Synthetic Media Startup Play.ht’s New Model Deepfakes Voice Clones From Just Seconds of Audio
Synthetic voice developer Play.ht has introduced a new voice cloning model called Parrot, capable of making a deepfake voice from a seconds-long recording of their speech. Parrot is available as a beta for Play.ht’s text-to-speech synthesis platform, aimed at content creators looking for voice clone solutions.
Play.ht garnered a lot of attention when it published an imaginary conversation between deceased Apple founder Steve Jobs and Joe Rogan using its AI-generated voice clones and a script composed by OpenAI’s GPT-3 large language model. That kicked off its now-defunct Podcast.ai show, which demonstrates the synthetic speech services offered by Play.ht. including episodes where Zach Galifianakis interviewed Quentin Tarantino and Oprah shared stress-relief tips.
Those voices rely on Play. ht’s Peregrine model, which has now been surpassed by the new Parrot model, continuing the bird theme for Play.ht. Parrot was trained on a larger data set and used what the developers learned from Peregrine to update how the training was handled. The synthetic voices are then used to process text as audio. The company claims Parrot is great at doing all kinds of accents, though it can only speak English. That said, Parrot can use the voice clone models of non-English speakers so that they appear to speak English, even keeping their original accent intact. Play.ht emphasizes that its models are more than just voice clones reading out a text. The company boasts that the AI understands the emotion that should be present in a voice based on the context of the whole text and adjusts the speech accordingly.

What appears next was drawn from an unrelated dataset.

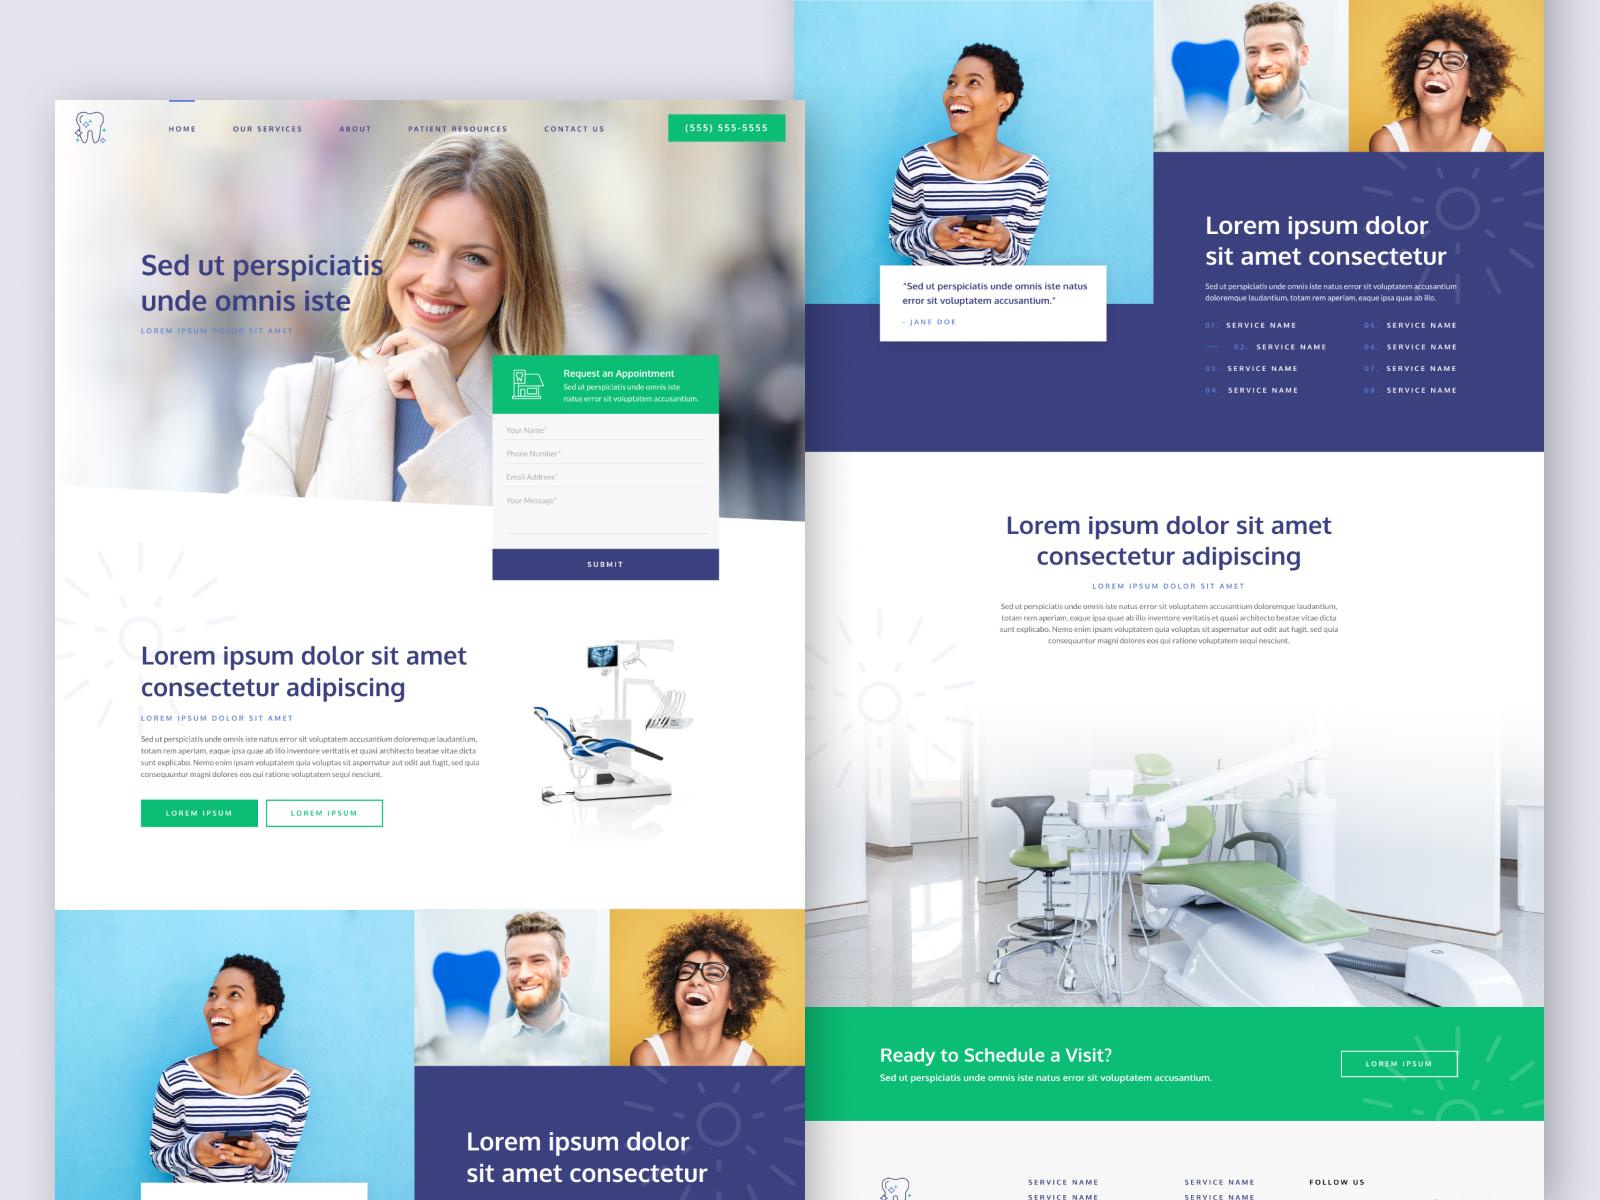 Medical Office Website Design Example #2

The zero-shot approach of Parrot only requires a short recording, but Play.ht also has a high-fidelity voice clone method that uses about 20 minutes of audio for more comprehensive and nuanced cloning. The audio can be created on Play.ht’s website or embedded as an API in a customer’s product.
“Content creators of all kinds (gaming, media production, elearning) spend a lot of time and effort recording and editing high-quality audio. We solve that and make it as simple as writing and editing text. Our users range from individual creators looking to voice their videos, podcasts, etc., to teams at various companies creating dynamic audio content,” Play. ht’s founders explained in a post on Y-Combinator. “. There are many robotic TTS services out there, but ours allows people to generate truly human-level expressive speech and allows anyone to clone voices instantly with strong resemblance. We initially used existing TTS models and APIs but when we started talking to our customers in gaming, media production, and others, people didn’t like the monotone robotic TTS style. So we doubled down in training a new model based on the new emerging architectures using transformers and self-supervised learning.”